Wednesday, October 3, 2012

What Calls Us


Reading from Souls bold enough to experiment, UU World Fall ‘12 (by Meg Muckenhoupt)

There’s enough room for all 111 children and youth and their religious education teachers to stand side by side at the front of the sanctuary of All Souls New London, a Unitarian Universalist congregation in New London, Connecticut. The space is wide enough for everyone to face the congregation from the stage, a long, low platform framed by a vivid skyscape of the horizon at dawn. The entire congregation participates in the Religious Education Sunday service. Their minister, the Rev. Carolyn Patierno, greets the congregation as souls, and later steps off the stage in the middle of the service to play the flute with a congregational ensemble. The youth hold an energy break,  hoisting a volleyball net and heaving a rainbow-colored beach ball to the seated congregation, which enthusiastically bats the ball about until the youth recapture it.

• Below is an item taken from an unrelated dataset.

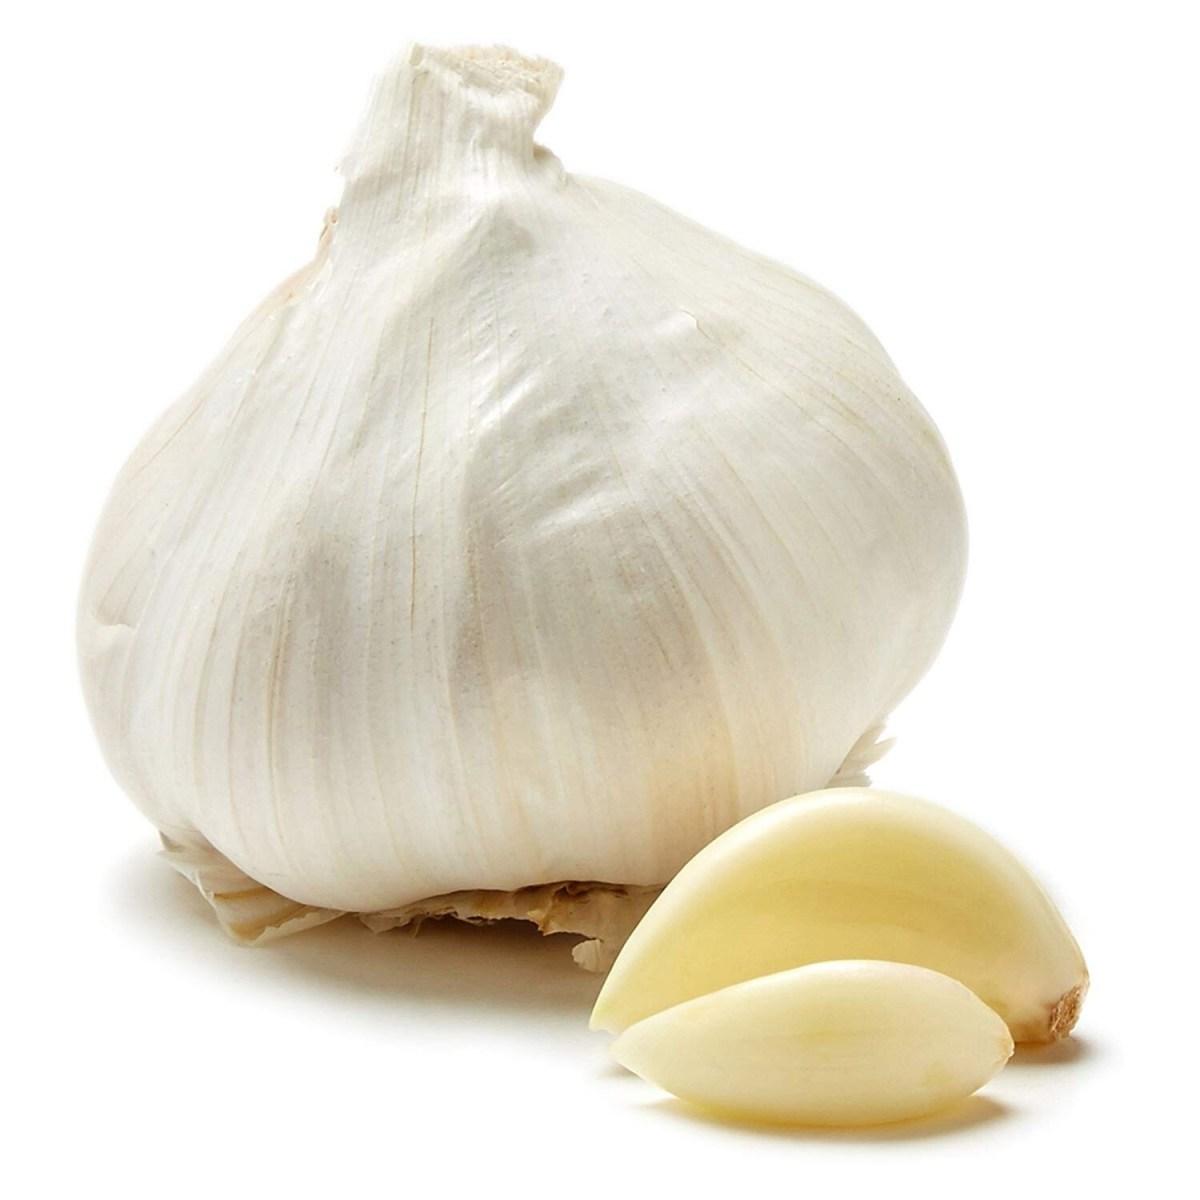 Garlic - each

The entire service would have been impossible in All Souls’s old building, a brick church built on a ledge with almost as many steps as seats in the pews. Built in 1910, that church is long and narrow with a high pulpit and no room to expand. In 2006, the growing congregation moved out of their historic home into a new location: a one-time car dealership on the other side of the church‘s parking lot. At the same time, All Souls opened space in its old building to the New London Homeless Hospitality Center, a daytime shelter.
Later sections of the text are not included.